───── Collected material ─────

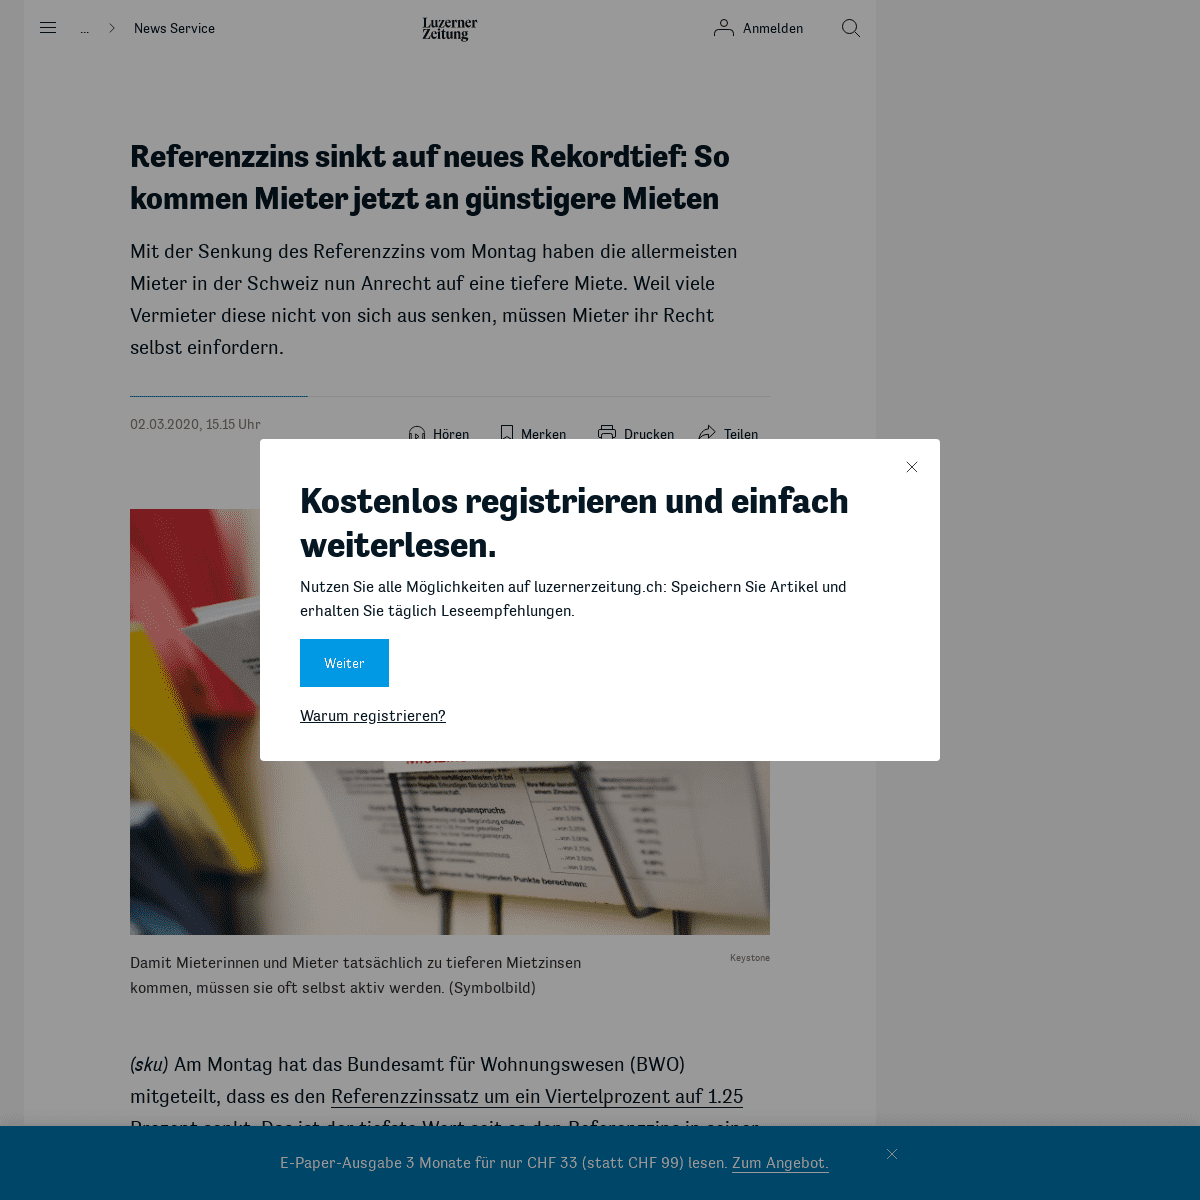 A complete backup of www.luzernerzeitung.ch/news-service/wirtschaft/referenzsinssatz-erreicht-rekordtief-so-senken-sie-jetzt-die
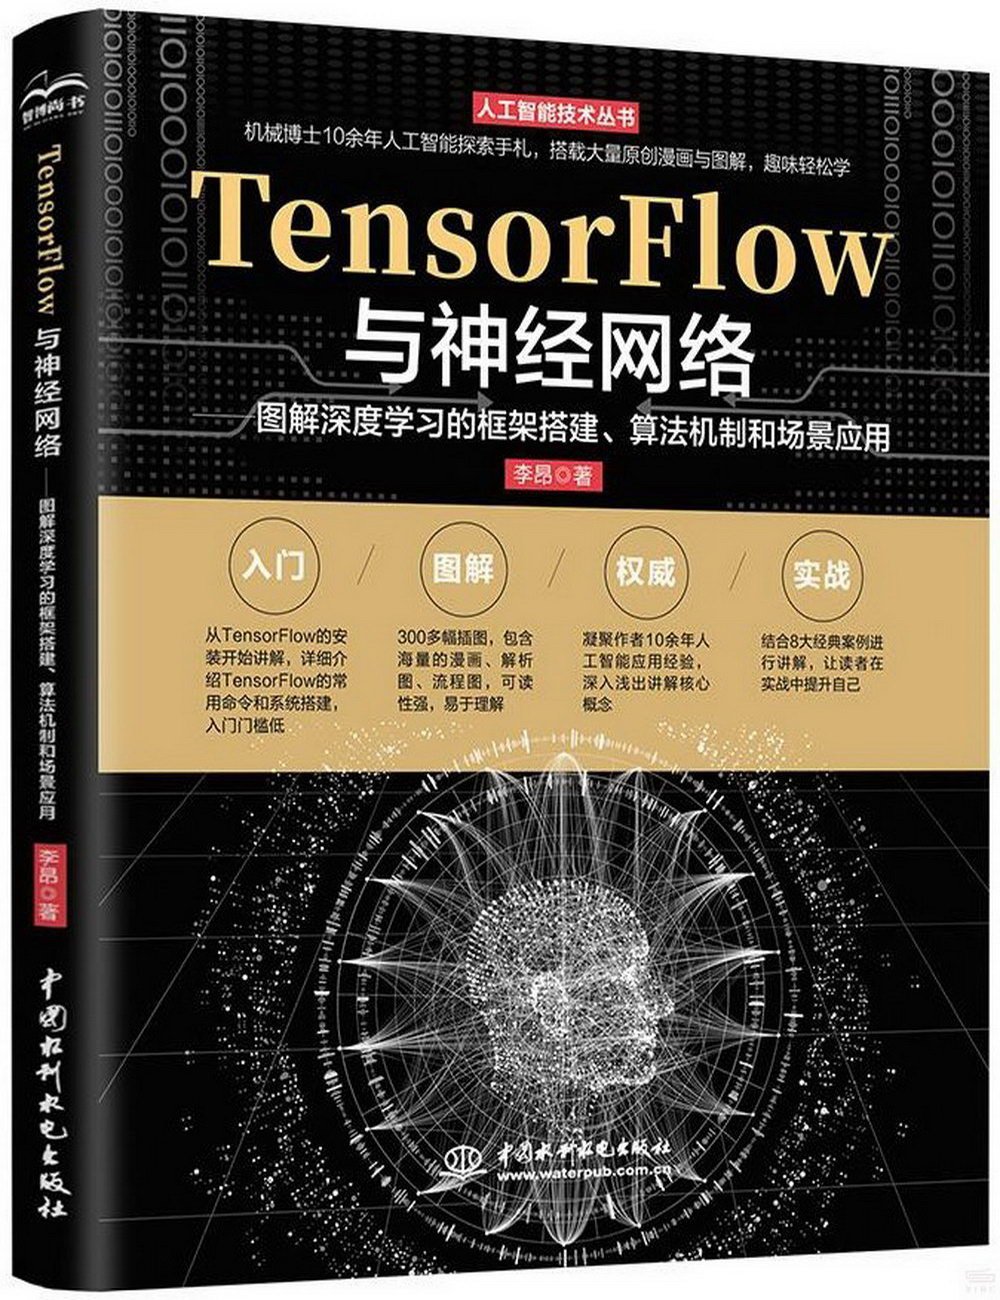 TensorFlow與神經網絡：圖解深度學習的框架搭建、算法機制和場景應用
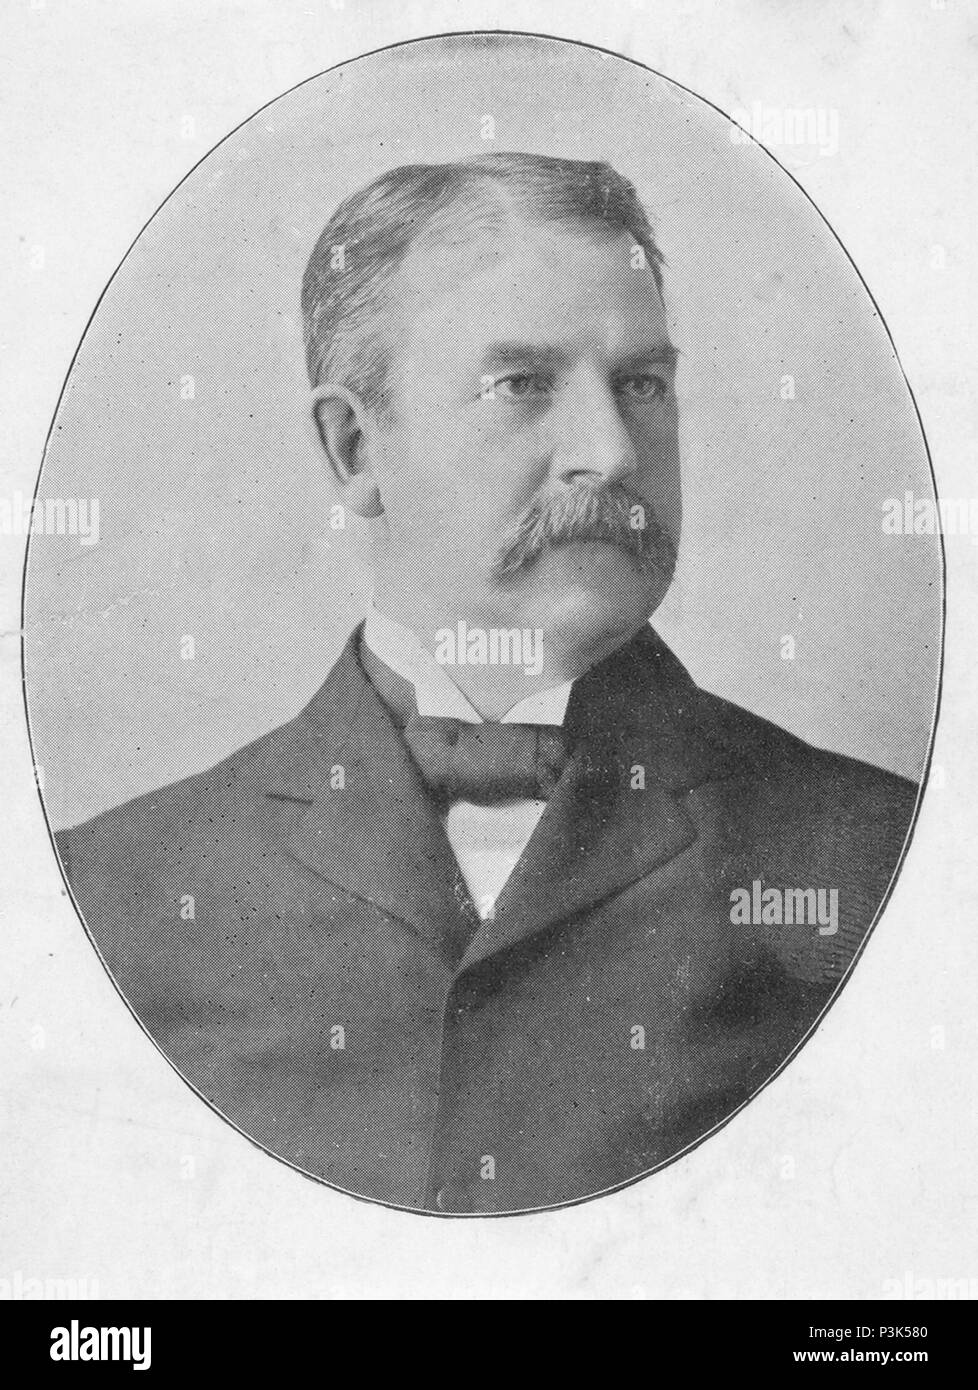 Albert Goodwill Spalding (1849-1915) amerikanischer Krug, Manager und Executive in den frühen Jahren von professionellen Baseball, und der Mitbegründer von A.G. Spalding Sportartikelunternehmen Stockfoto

─────

- **Work to be completed**
Write down exactly the lines running from the line with "TensorFlow與神經網絡：圖解深度學習的框架搭建、算法機制和場景應用" through the end of the material, both ends included, and none of the pictures.

- **Answer below**
 TensorFlow與神經網絡：圖解深度學習的框架搭建、算法機制和場景應用
 Albert Goodwill Spalding (1849-1915) amerikanischer Krug, Manager und Executive in den frühen Jahren von professionellen Baseball, und der Mitbegründer von A.G. Spalding Sportartikelunternehmen Stockfoto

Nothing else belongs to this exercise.